In order to protect the assembly further the entire assembly or any of its component parts can be covered in a conformal coating, preferably parylene in order to prevent failure due to atmospheric conditions, in particular condensation of water which could cause shorts in the TEC pillars and or corrosion/cracks during thermal changes.

In order to achieve thermal cycling speeds over 5° C./s it is necessary to incorporate TECs with sufficient heat pumping power. The optimal temperature for the heat removal module to be controlled to has been found to be 35-45° C., this gave the best balance of additional cooling power while minimising the impact on the heating capability.

As to the transfer of heat itself from the vessel cup assembly to the liquid reactants good component mating is important. The mould for the reaction vessels might therefore be highly polished as well as the interior surface of the reaction vessel receiving portion. A ramp rate in excess of 5° C./s can be achieved with a reaction vessel wall thickness below 0.3 mm, bearing in mind construction techniques known in the art such as plastic moulding, and constructed of a material possessing thermal conductivity of minimally 1 W/MK. In the preferred embodiment the vessels are formed of highly loaded polypropylene containing 60% carbon w/v and with a wall thickness of 0.2 mm.

Additionally, in order to minimise thermal gradients vertically in a tubular vessel the entirety of the reactant fluid column is preferably encapsulated in the vessel holder portion. The cups themselves may be gold plated for optimum performance. This and the elasticity provided by Indium solder reduces failure rates of the component parts of the cycling system. A further level of control can be provided by the addition of an independently controlled heated compression ring at the top of the apparatus, this provides two functions. Firstly, it ensures that the vessel is compressed into the tapered fitting ensuring thermal contact and secondly it provides means to add additional heat, whether to ensure no condensation can form on the lid of the tube or to prevent thermal gradients forming when larger volumes such as over 1000 are used in the apparatus

An additional diode sensor may be built into the centre of each TEC to facilitate temperature measurement and control.

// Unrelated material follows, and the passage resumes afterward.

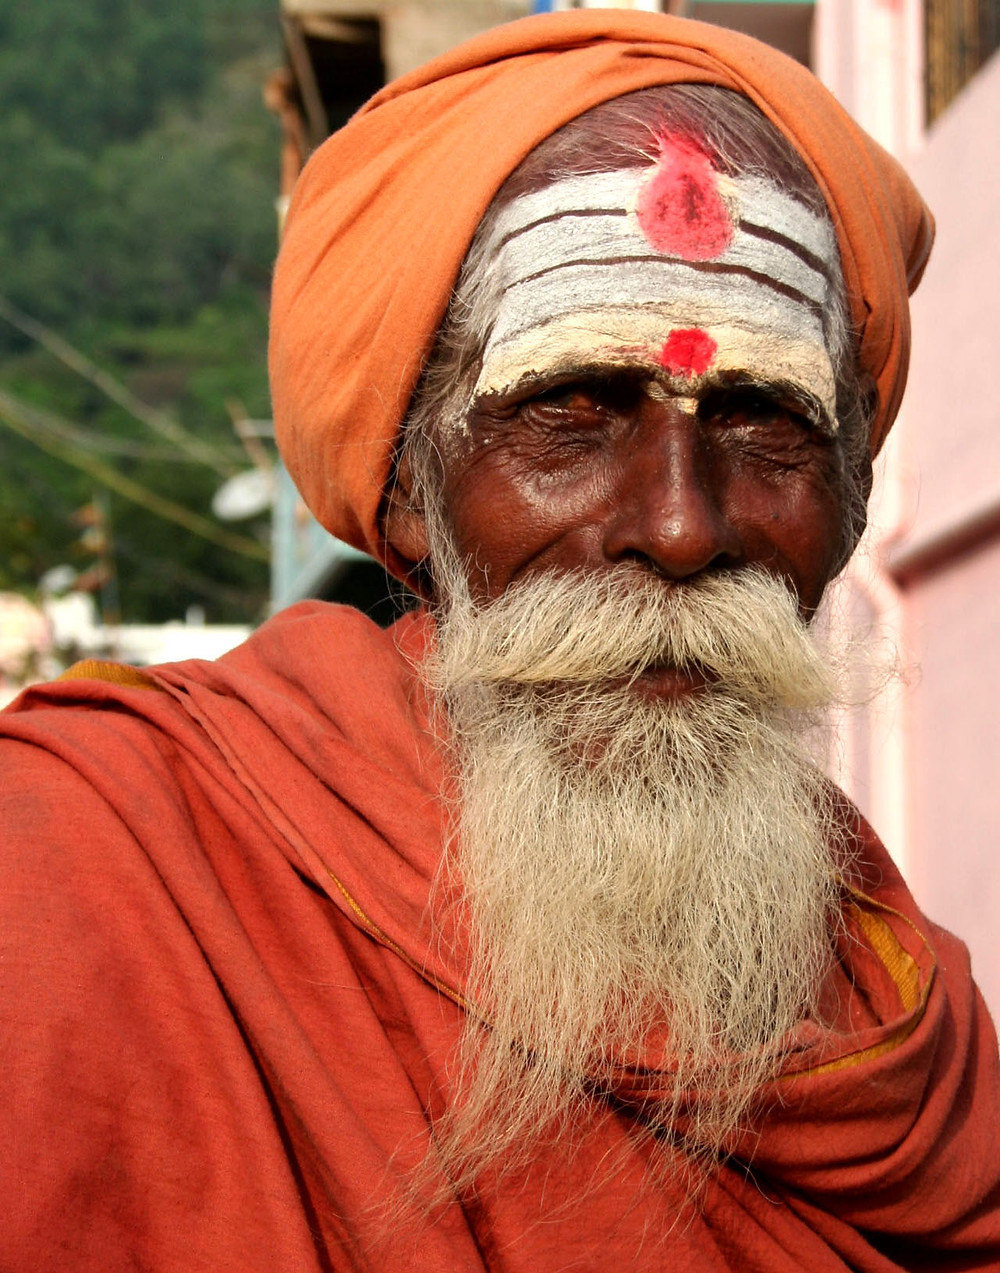 Sadhu sulla collina di Arunachala (India – Tamil Nadu, Kerala, Karnataka – novembre/dicembre 2017)

Preferably the apparatus employs electronic control circuits capable of individually addressing each of the vessels and controlling them at the desired ramping to achieve temperature accuracies of less than +/−0.5, possibly even 0.2° C. The control gear can incorporate diodes in its circuitry arranged so as to provide feedback on the thermal performance of the TEC devices, for example to determine if a failure has occurred and assess whether minimum requirements for heating/cooling power are being met by every TEC device in the array.

In a further embodiment the TEC uses a larger base ceramic arranged for mounting 2, 4, 8, 16 or more individual die sets thereupon, each TEC die set having its own isolated upper ceramic plate separate from its adjacent TEC. The TECs thus form an easily locatable group that can be mounted more accurately than individual TEC's. Each TEC keeps its own individual thermal profile.

Wires for connections can be either threaded through holes in the lower ceramic base plate or through vias formed using PCB through hole plating techniques. This enables compression and solder fixing to a sub assembly that provides both electrical and thermal connection. If a requirement for additional heating exists then these TEC devices may similarly be modified by constructing a TEC using an additional top ceramic tile incorporating a heating element. The two top tiles can then be bonded together in a sand wedge so that the heating element is protected between the ceramic sand wedge. The heating element can be etched or silk screen printed on to the surface of the ceramic. Moreover this larger TEC device can incorporate an additional top ceramic tile incorporating a temperature measurement element, the two top tiles forming a sand wedge that encapsulates a temperature measurement element such as a thermistor or diode junction. This can provide temperature feedback on the operation of the TEC itself including indicating failure.

Where a heat transfer module (HRM) is employed it is preferably individual to a unique reaction vessel or at most to a small group thereof, such as an array of four. In this way, particularly in the 96n vessel context, cooling of a particular vessel or group of vessels occurs in parallel with that of another vessel or group and is consequently somewhat more consistent and perhaps quicker than if a larger group were cooled in series by a single heat reduction module.

A suitable heat transfer module may comprise a jacket having cooling liquid (water) inlet and outlet, and a core fitting within the jacket, the core having a rugose, ridged or finned surface to a cooling liquid chamber therearound. The jacket may resemble a waffle, having a plurality of cooling liquid inlets, one per vessel or small group of vessels, and one or more liquid outlet manifolds. The core may resemble a bolt with a cylindrical shank and, for example, a square head, the shank sealably locatable and removable from the jacket and having the rugose, ridged or finned surface formed thereon and the head comprising a base for a single reaction vessel or group of perhaps four such vessels. The core may be made of a highly thermal conductive metal such as copper or aluminium and the fins or the like may be the more pronounced toward the end thereof distal from the head thereby to assist in drawing heat away from the head.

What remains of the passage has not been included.